In order to include the newly defined CQ1 NCAA in the Peptides grammar, we need to add it to the grammar file, located in "resources/Peptides/grammars.yml". Make sure that in the _ncaa_ entry, under the _variables_ field, there's an entry pointing towards the recently defined .YML file ("Peptides/NCAA/yml/cq1.yml").

We can now either re-load ProtoSyn to include the new residue, or re-load the grammar into a new variable. After loading the grammar, we can now use it to perform any manipulation desired, such as a mutation. We will load the 2A3D structure and mutate residue 38 to this new NCAA.

In [11]:
ncaa_grammar = ProtoSyn.load_grammar_from_file(joinpath(ProtoSyn.Peptides.resource_dir, "grammars.yml"), "ncaa")

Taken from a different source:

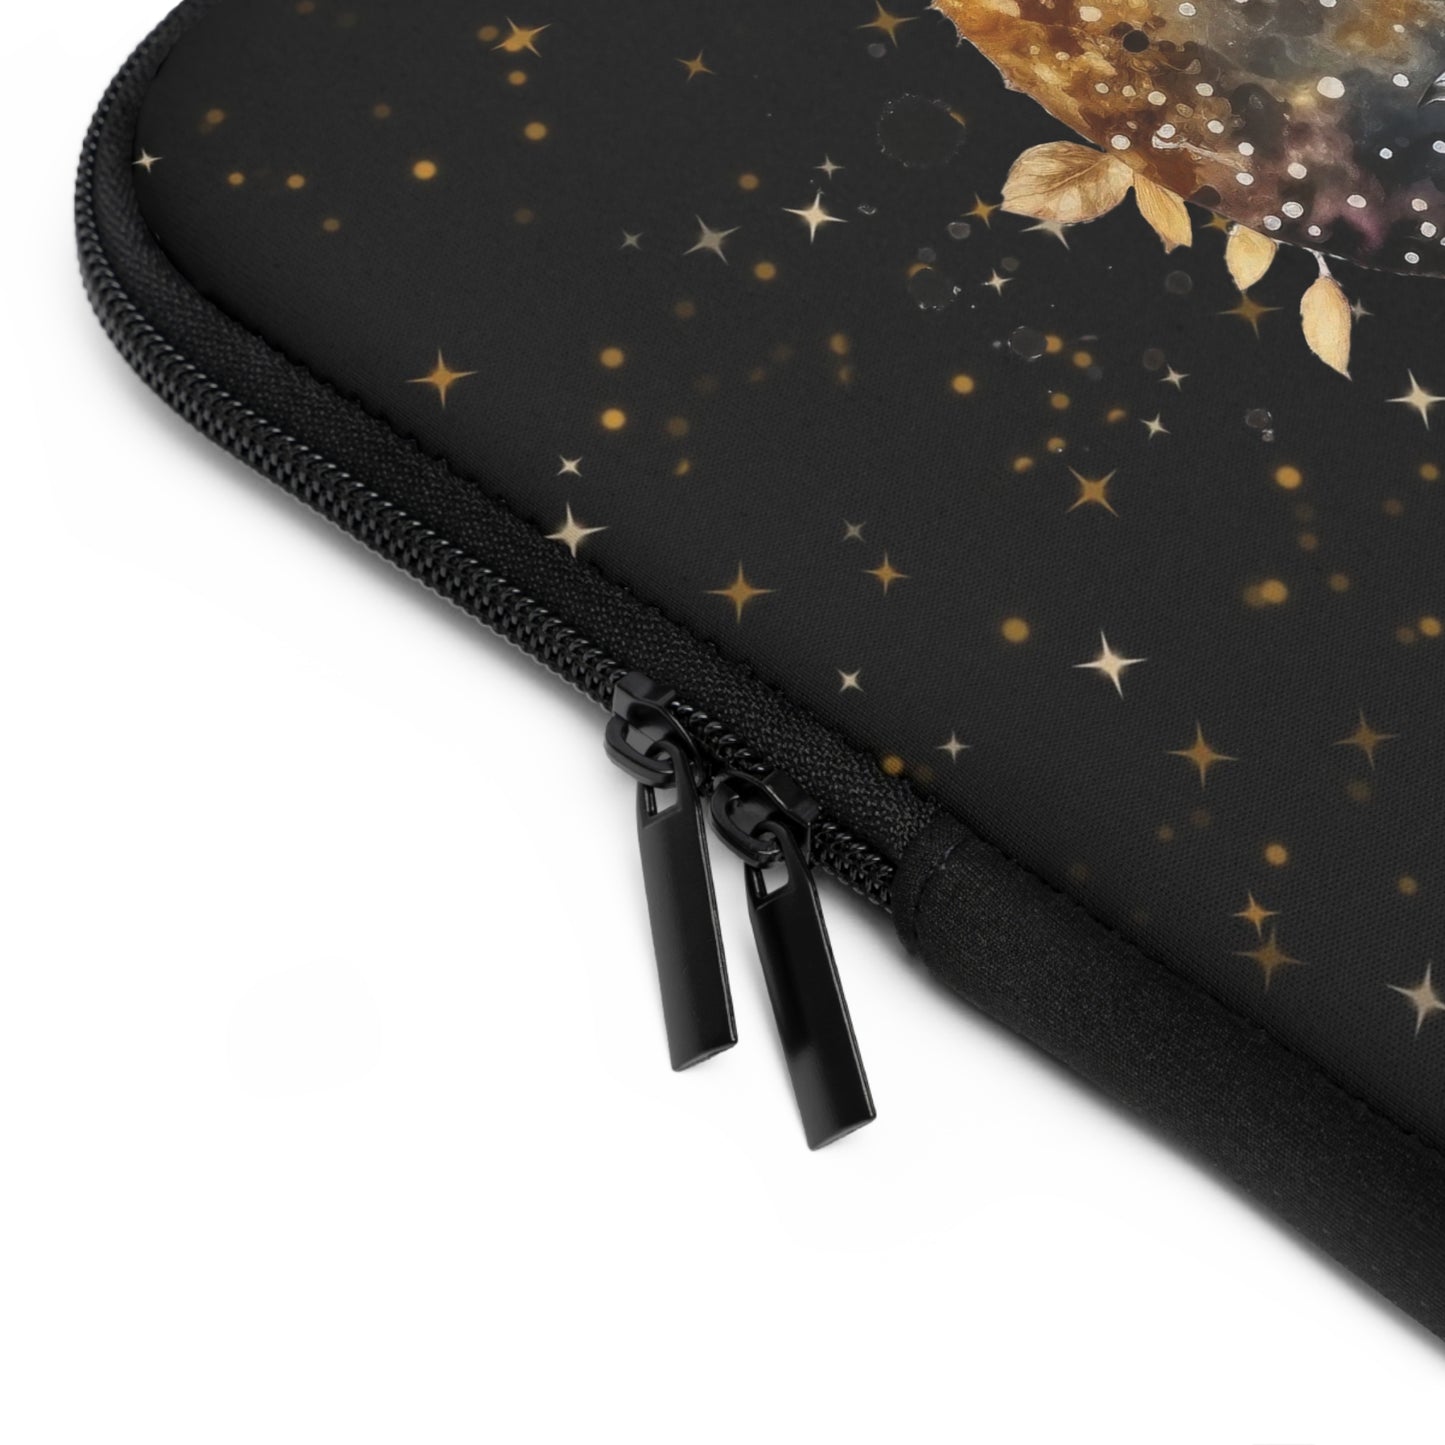 Lotus Moon Laptop Case, Witchy laptop sleeve

LGrammar{Float64, String, Vector{String}}:
 Rules:
 Variables:
 c => Fragment(Segment{/CQ1:32867}, State{Float64}:
 Size: 24
 i2c: false | c2i: false
 Energy: Dict(:Total => Inf)
)
 b => Fragment(Segment{/MSE:4424}, State{Float64}:
 Size: 16
 i2c: false | c2i: false
 Energy: Dict(:Total => Inf)
)
 a => Fragment(Segment{/CMA:29688}, State{Float64}:
 Size: 17
 i2c: false | c2i: false
 Energy: Dict(:Total => Inf)
)
 Operators:
 α => #114 (Between atoms C & N)
 β => #114 (Between atoms C & N)

 None.

In [12]:
pose = ProtoSyn.Peptides.load("data/2a3d.pdb")

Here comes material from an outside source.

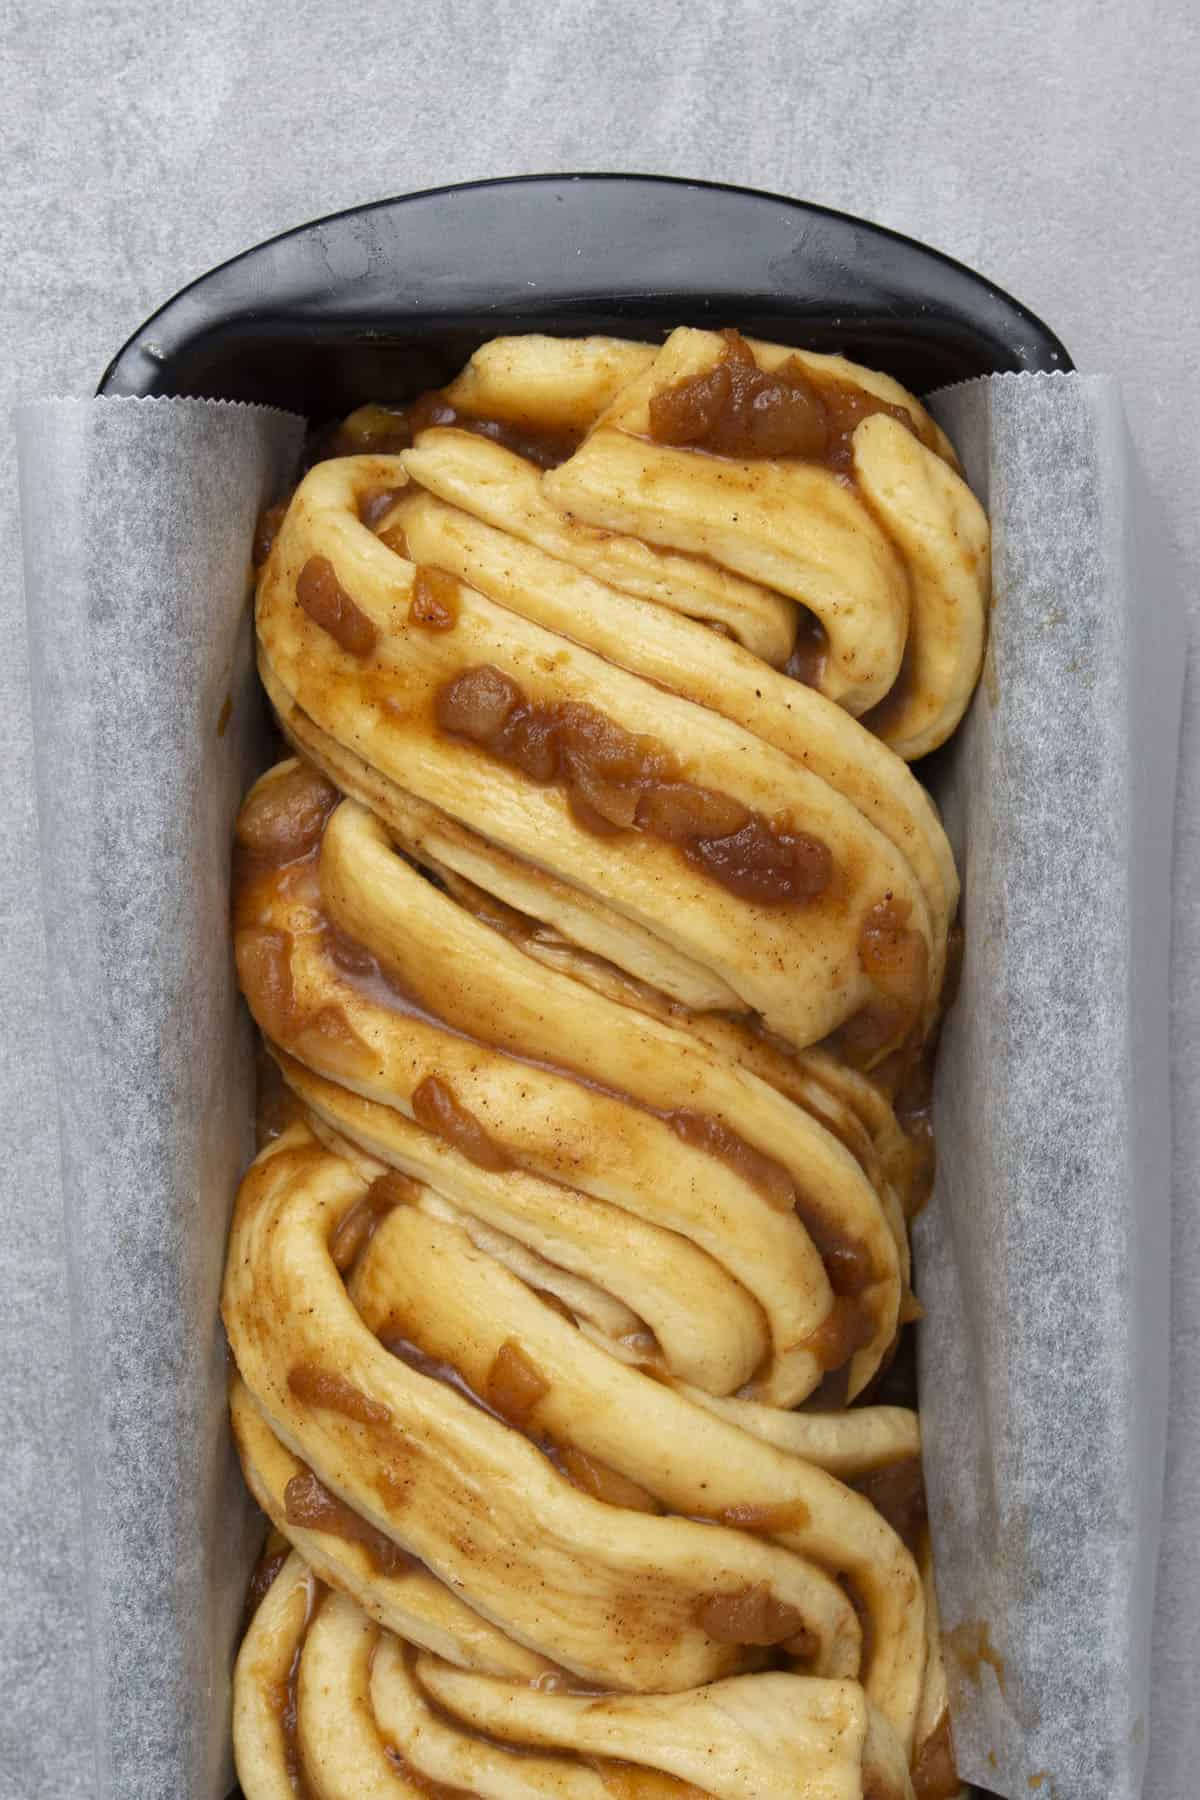 Cinnamon apple babka in a baking pan before baking.

Pose{Topology}(Topology{/2a3d:61481}, State{Float64}:
 Size: 1140
 i2c: false | c2i: false
 Energy: Dict(:Total => Inf)
)

ProtoSyn makes available two methods for introducing mutations. The "regular" method is using the `mutate!` function. This function maintains the backbone and substitutes the sidechain only. However, in the case of the CQ1 NCAA, the backbone is completly different. A complementary method exists in ProtoSyn to replace the whole residue, the `force_mutate!` function.

In [13]:
ProtoSyn.Peptides.force_mutate!(pose, pose.graph[1][38], ncaa_grammar, seq"c")

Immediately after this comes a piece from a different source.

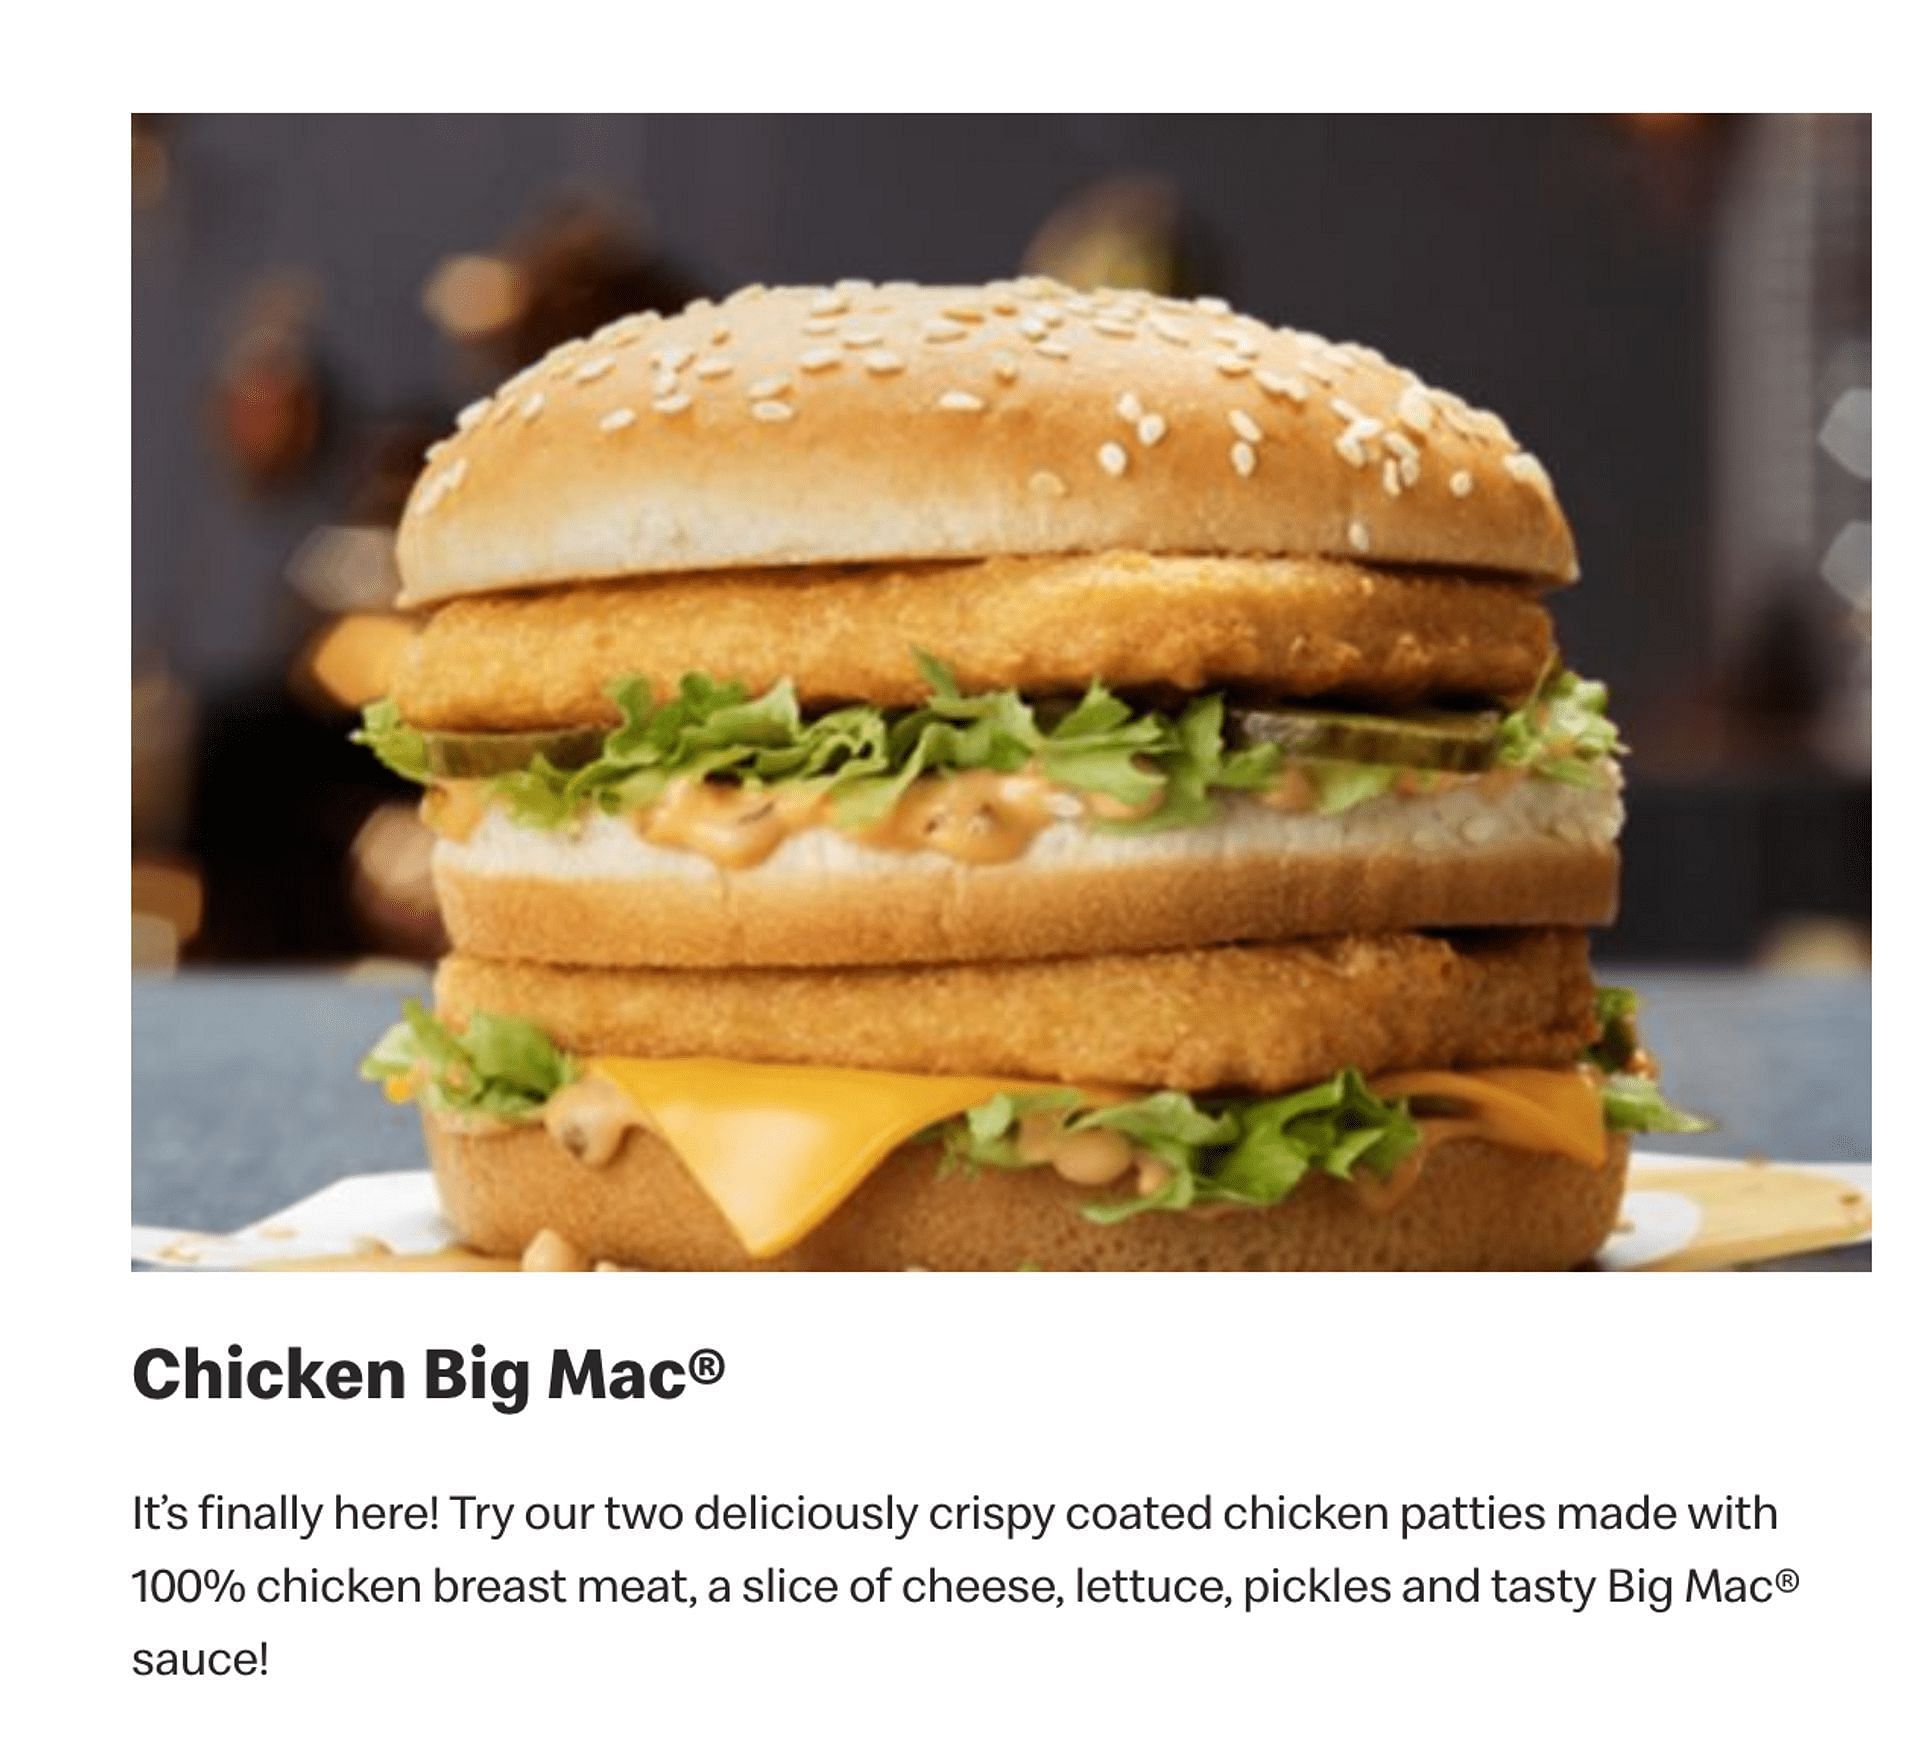 Chicken big mac makes its way to America: Netizens shower mixed reviews. (Image via McDonald&#039;s)

Pose{Topology}(Topology{/2a3d:61481}, State{Float64}:
 Size: 1144
 i2c: true | c2i: false
 Energy: Dict(:Total => Inf)
)

In [14]:
using Bio3DView
ProtoSyn.write(pose, "output/example14.pdb")
style = Style("stick")
viewfile("output/example14.pdb", style = style)

In [15]:
pose_raw = ProtoSyn.Peptides.load("data/2a3d.pdb")

Pose{Topology}(Topology{/2a3d:14506}, State{Float64}:
 Size: 1140
 i2c: false | c2i: false
 Energy: Dict(:Total => Inf)
)

## Conclusion

In this example, the incorporation of complex NCAAs was explored in detail. It's important to make sure the newly defined NCAA's graph and state are correct, with atoms in correct order. Another important aspect in the atom naming. For most cases, renaming the backbone atoms may be necessary, in order to follow IUPAC reccomendations. ProtoSyn's `assign_default_atom_names!` function may help in the more simple cases.